Wally Johnson

Biographical details
- Born: 1915 Detroit Lakes, Minnesota, U.S.
- Died: January 27, 2007 Minneapolis, Minnesota, U.S.

Playing career

Football
- 1937: Minnesota

Wrestling
- 1941–1942: Minnesota

Coaching career (HC unless noted)

Football
- 1950–1951: Luther (IA)
- 1952–1971: Minnesota (assistant)

Wrestling
- 1947–1950: South Dakota State
- 1950–1952: Luther (IA)
- 1952–1986: Minnesota

Head coaching record
- Overall: 8–10 (football) 392–209–11 (Minnesota wrestling duals)

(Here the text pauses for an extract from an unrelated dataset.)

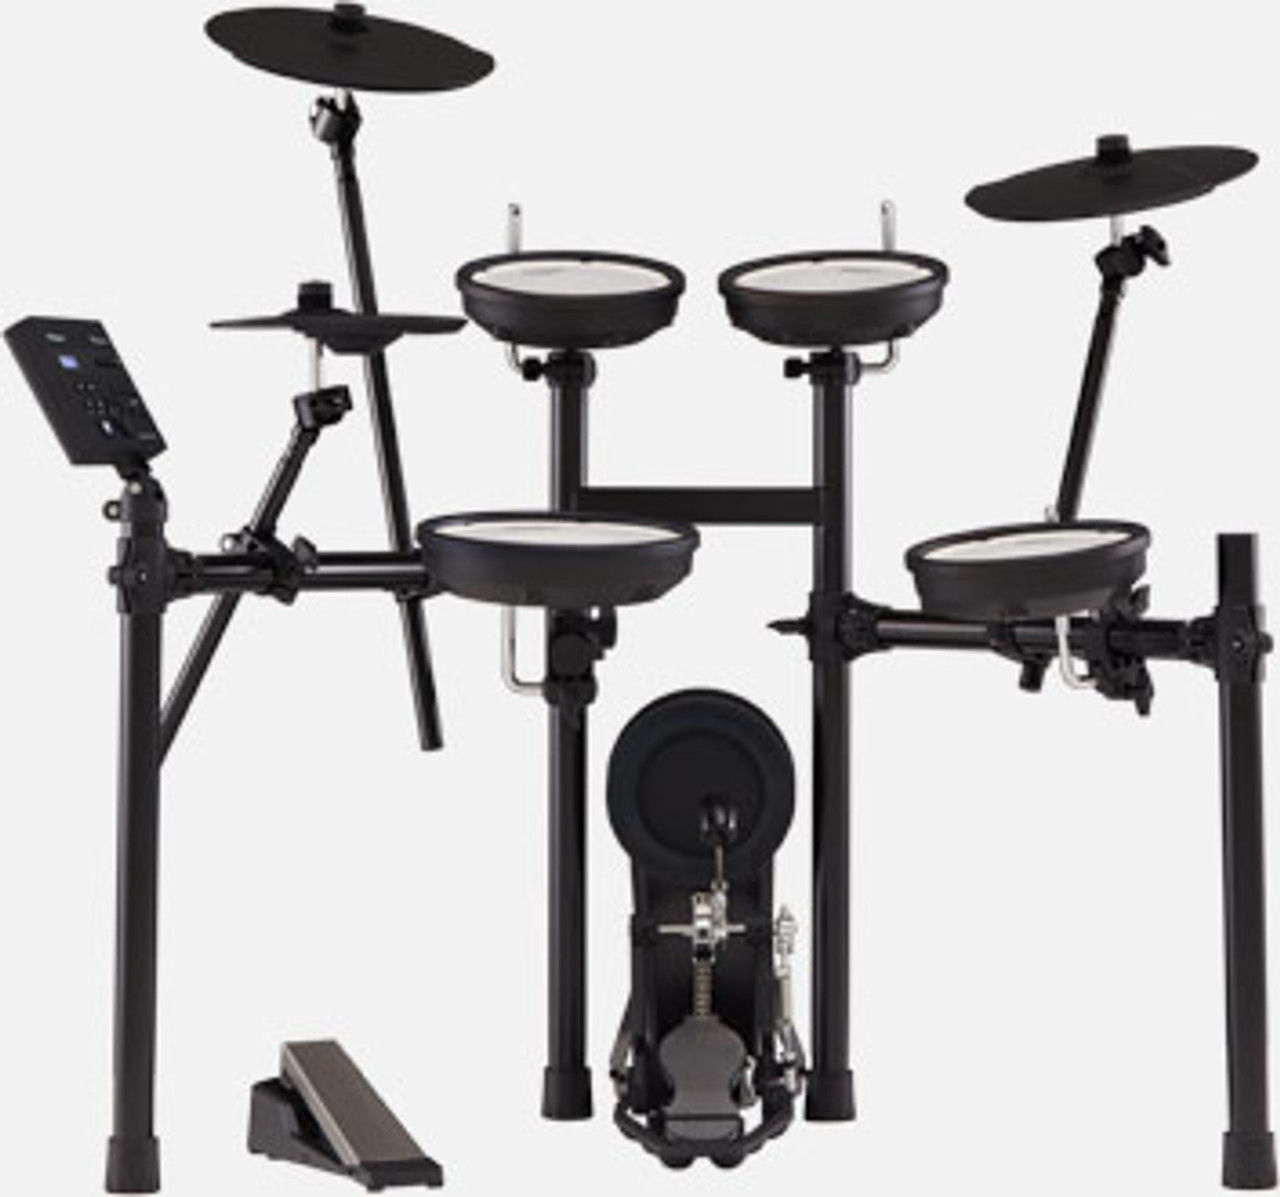 The superior expression and playability of high-end V-Drums in an affordable drum kit for playing at home.
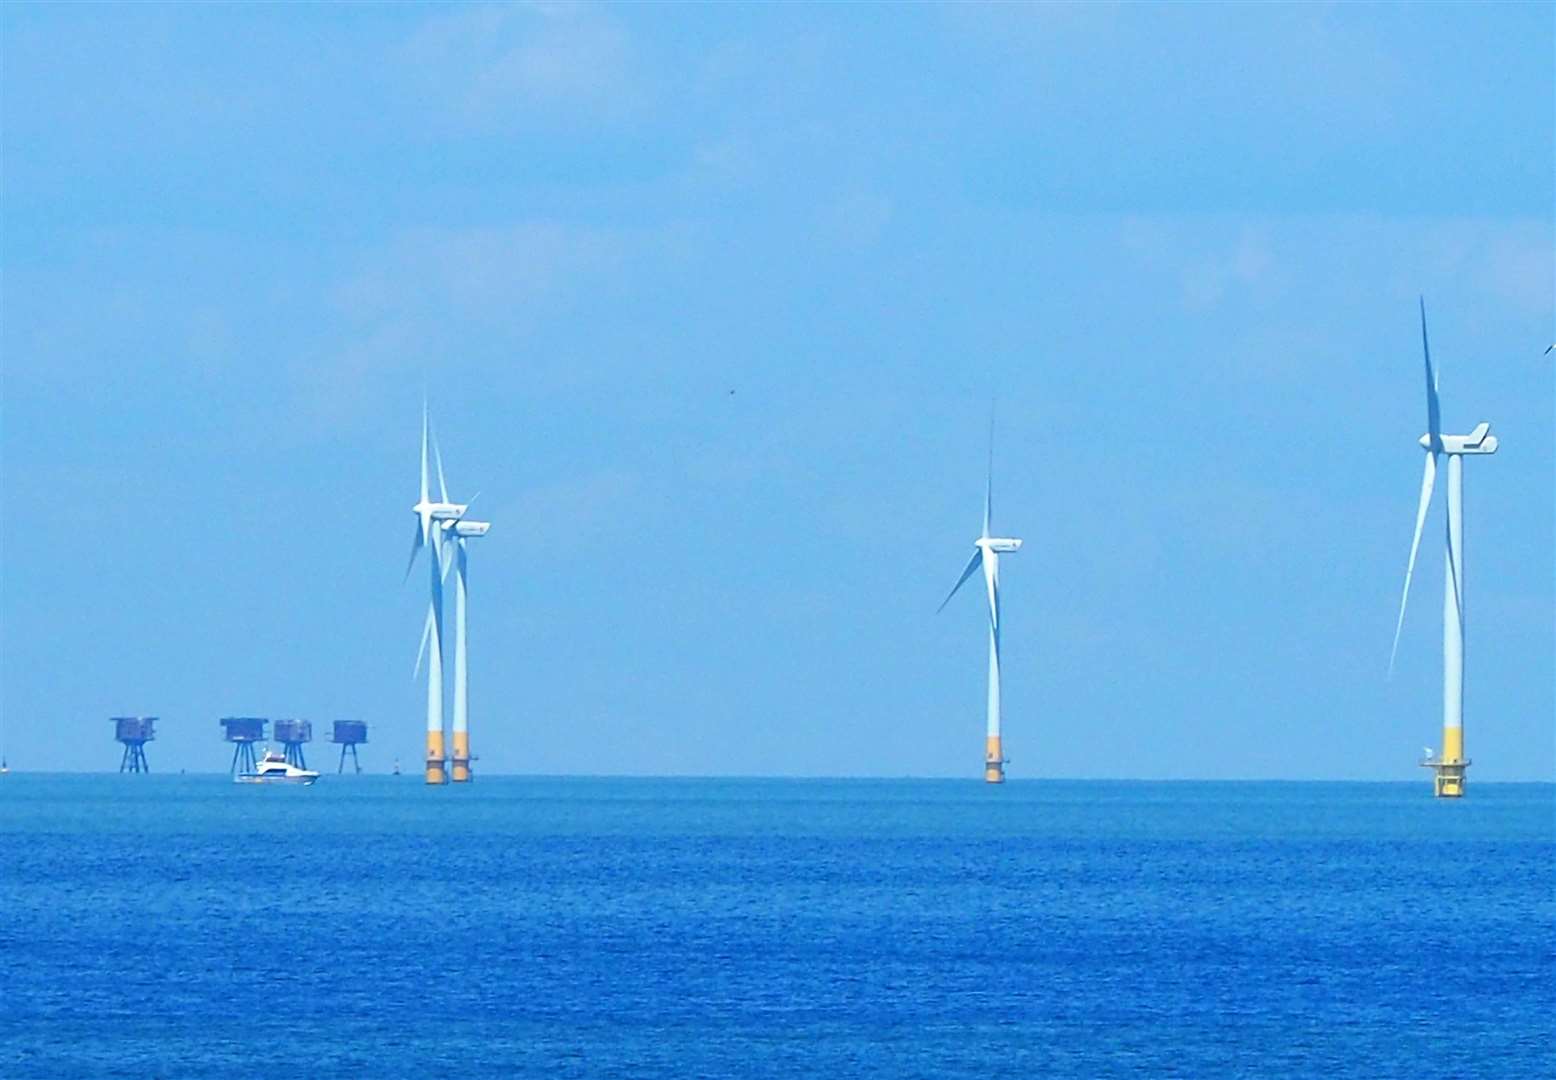 The Kentish Flats offshore wind farm, located off the coast of Herne Bay and Whitstable. Picture: Peter Gainey

Accomplishments and honors

Championships
- Wrestling 2 Big Ten (1957, 1959)

Awards
- NCAA Wrestling Coach of the Year (1976) Minnesota Wrestling Hall of Fame (1977) National Wrestling Hall of Fame (1985)

= Wally Johnson (coach) =

American football and wrestling coach (1915–2007)

Wallace T. Johnson (1915 – January 27, 2007) was an American football and wrestling coach.

==Playing career==
Johnson played football for one year in 1937 at the University of Minnesota before a broken leg ended his career. He instead turned to wrestling where he excelled.

==Coaching career==
Johnson served as a wrestling coach at South Dakota State in Brookings, South Dakota, before starting the wrestling program at Luther College in Decorah, Iowa where he was also the head football coach.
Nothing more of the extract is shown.